> INSTRUCTIONS TO FOLLOW
Below are the records to transcribe exactly; do not include any images.

> Saved entries

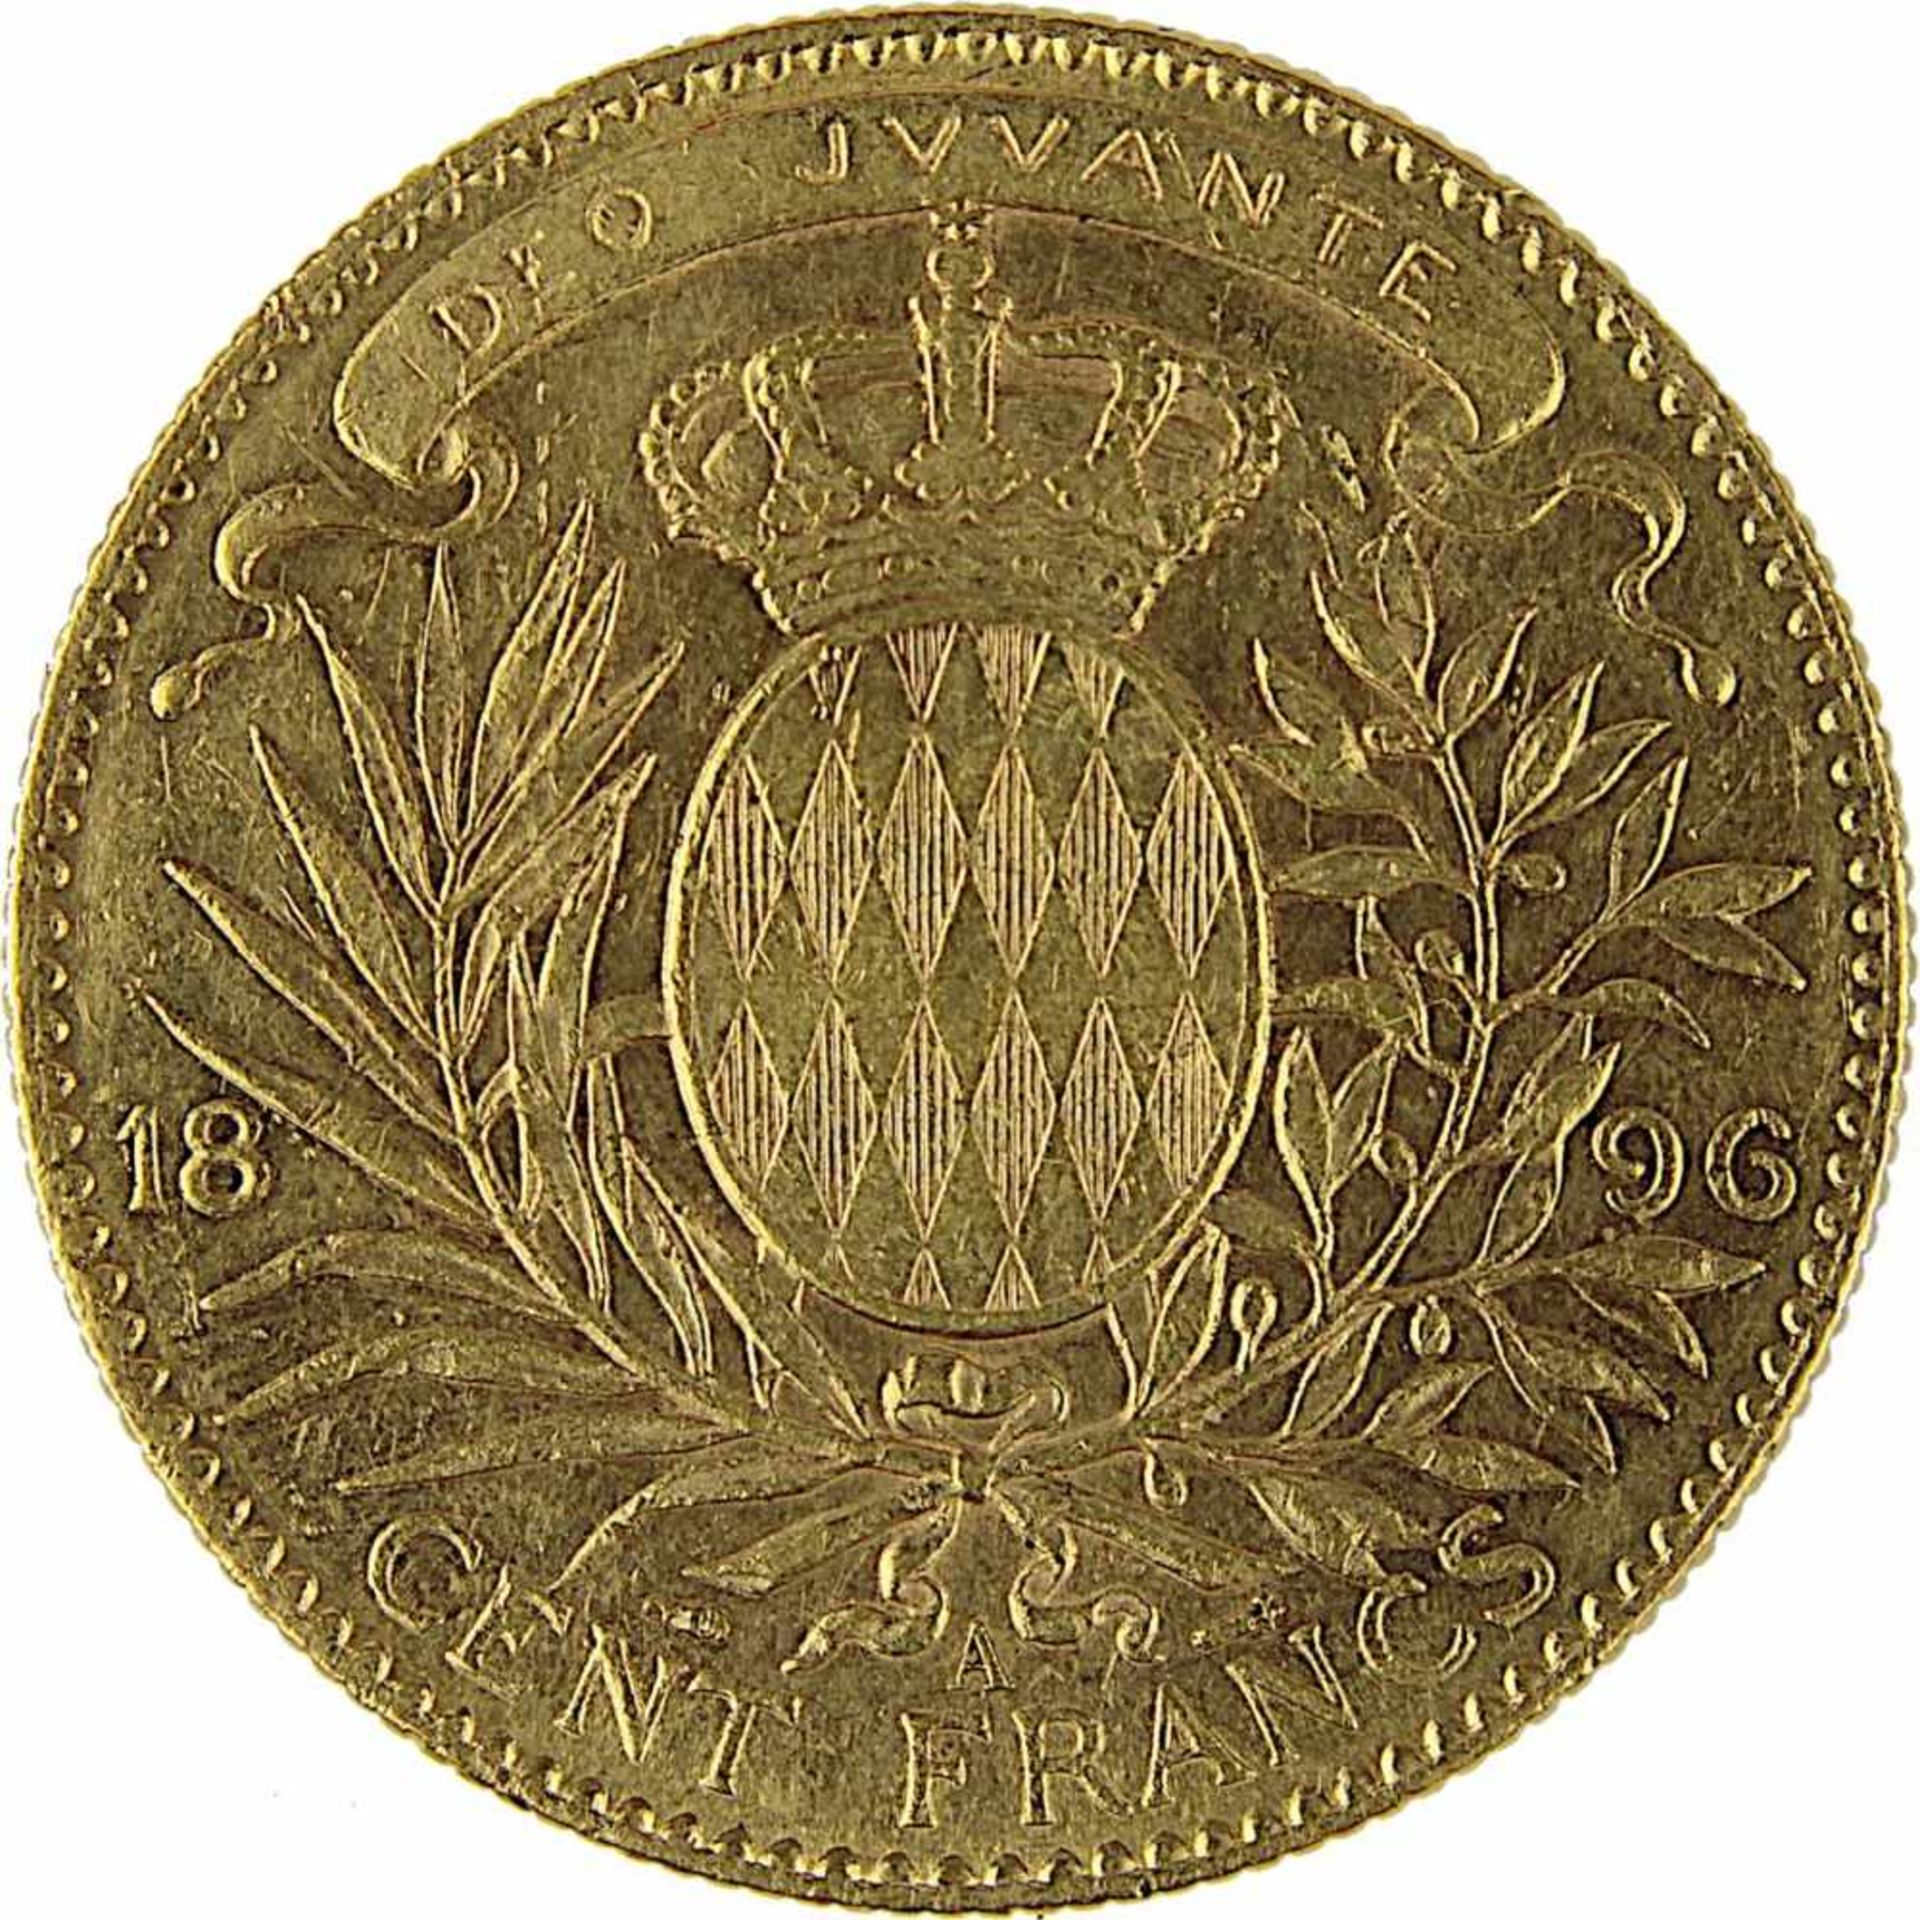 Goldmünze zu 100 Francs, Monaco 1896, A, 900er Gold, 32,2 g, Durchmesser 35 mm, Erhaltung sehr schön - Bild 3 aus 3
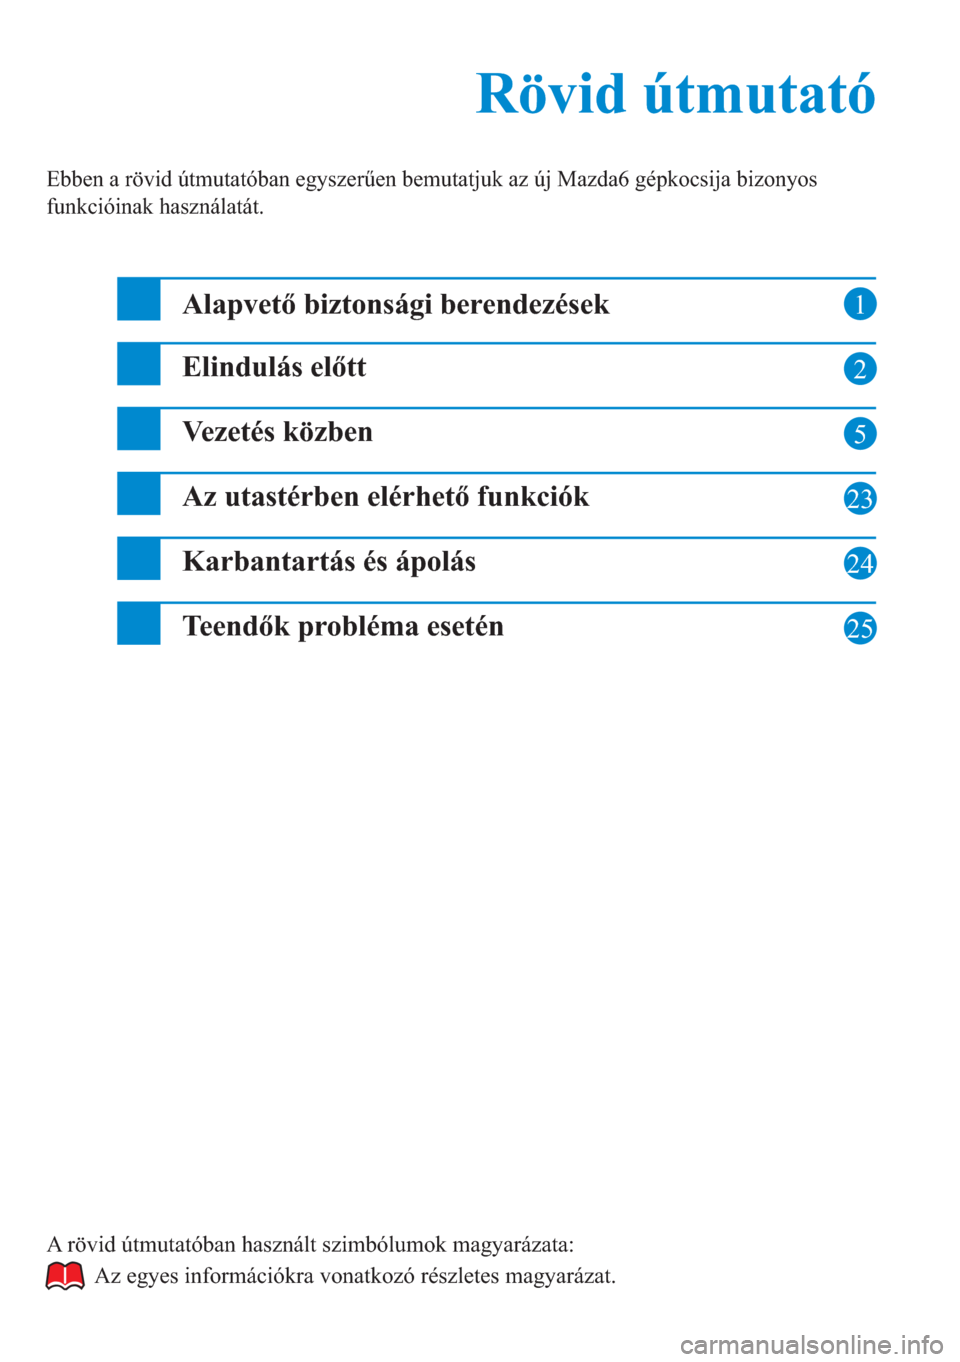 MAZDA MODEL 6 2015  Rövid útmutató (in Hungarian) 1
2
5
23
24
Rövid útmutató Rövid útmutató
Ebben a rövid útmutatóban egyszerűen bemutatjuk az új Mazda6 gépkocsija bizonyos 
funkcióinak használatát.
Alapvető biztonsági berendezések

> RESPONSE AREA
 Goldmünze zu 100 Francs, Monaco 1896, A, 900er Gold, 32,2 g, Durchmesser 35 mm, Erhaltung sehr schön - Bild 3 aus 3
 MAZDA MODEL 6 2015  Rövid útmutató (in Hungarian) 1
2
5
23
24
Rövid útmutató Rövid útmutató
Ebben a rövid útmutatóban egyszerűen bemutatjuk az új Mazda6 gépkocsija bizonyos 
funkcióinak használatát.
Alapvető biztonsági berendezések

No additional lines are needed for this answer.